A "continuously running" mode that would ping me would be interesting to try.
I absolutely agree with this sentiment as well and keep coming back to it. What I want is more of an actual copilot which works in a more paired way and forces me to interact with each of its changes and also involves me more directly in them, and teaches me about what it's doing along the way, and asks for more input.
A more socratic method, and more augmentic than "agentic".
Hell, if anybody has investment money and energy and shares this vision I'd love to work on creating this tool with you. I think these models are being misused right now in attempt to automate us out of work when their real amazing latent power is the intuition that we're talking about on this thread.
Misused they have the power to worsen codebases by making developers illiterate about the very thing they're working on because it's all magic behind the scenes. Uncorked they could enhance understanding and help better realize the potential of computing technology.
On the one hand, I agree with this.
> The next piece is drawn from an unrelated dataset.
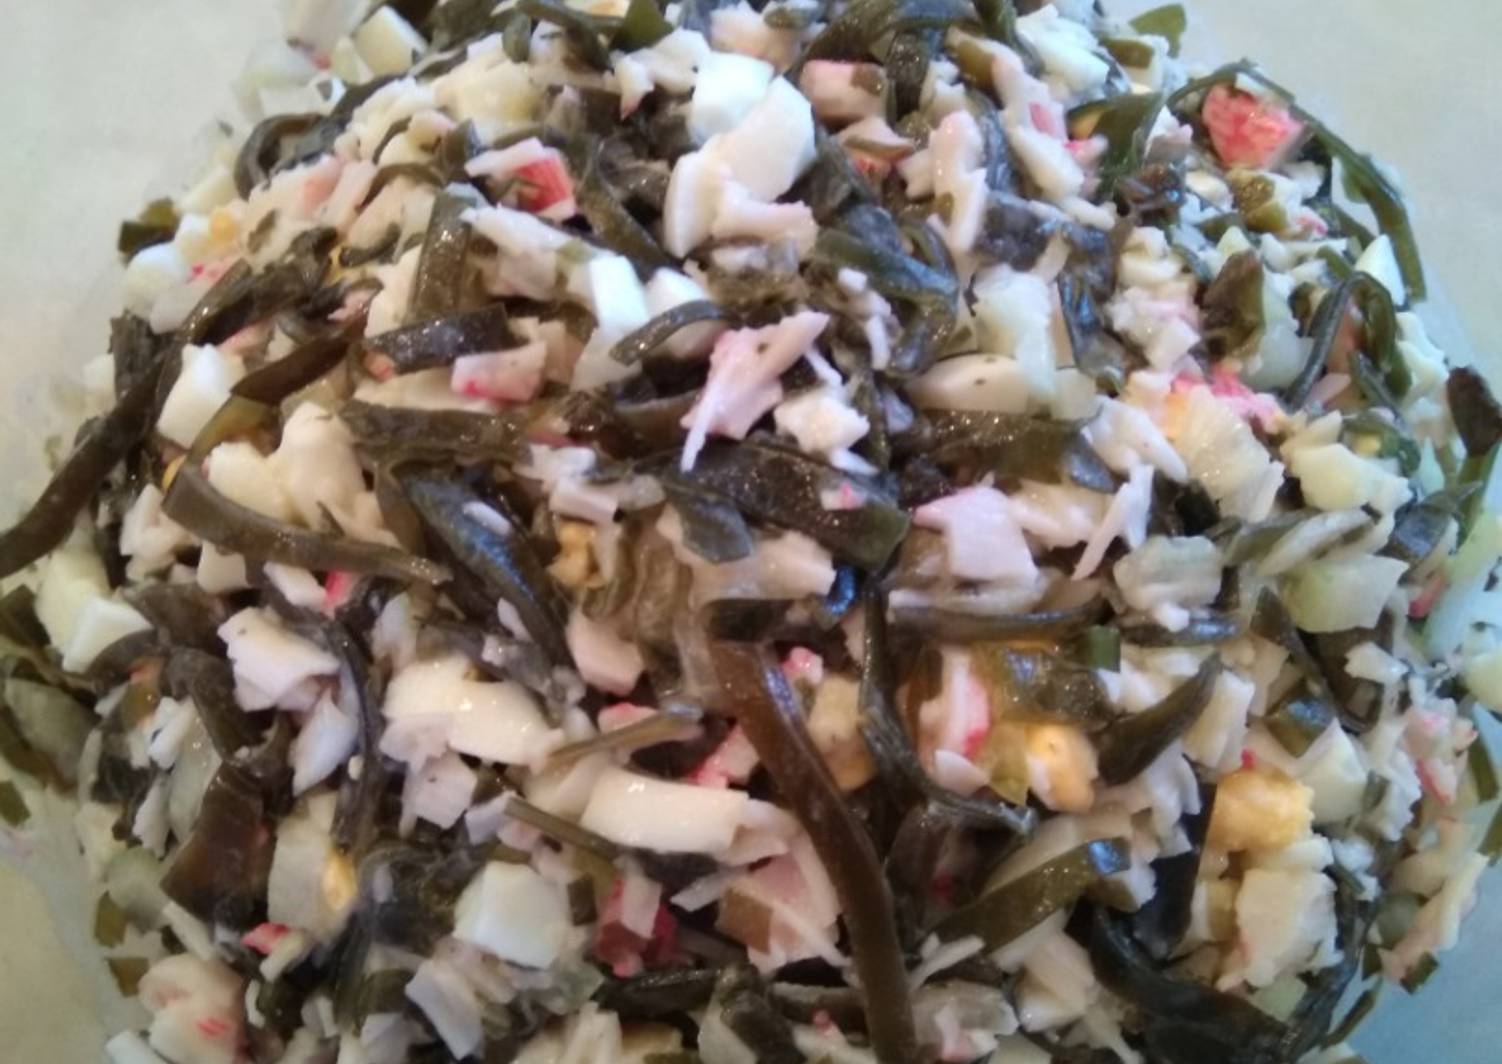 Салат из морской капусты морской рецепт с фото очень вкусный

The chat UI is very slow and inefficient.
But on the other, given what I know about these tools and how error-prone they are, I simply refuse to give them access to my system, to run commands, or do any action for me. Partly due to security concerns, partly due to privacy, but mostly distrust that they will do the right thing. When they screw up in a chat, I can clean up the context and try again. Reverting a removed file or messed up Git repo is much more difficult. This is how you get a dropped database during code freeze...
The idea of giving any of these corporations such privileges is unthinkable for me. It seems that most people either don't care about this, or are willing to accept it as the price of admission.
I experimented with Aider and a self-hosted model a few months ago, and wasn't impressed. I imagine the experience with SOTA hosted models is much better, but I'll probably use a sandbox next time I look into this.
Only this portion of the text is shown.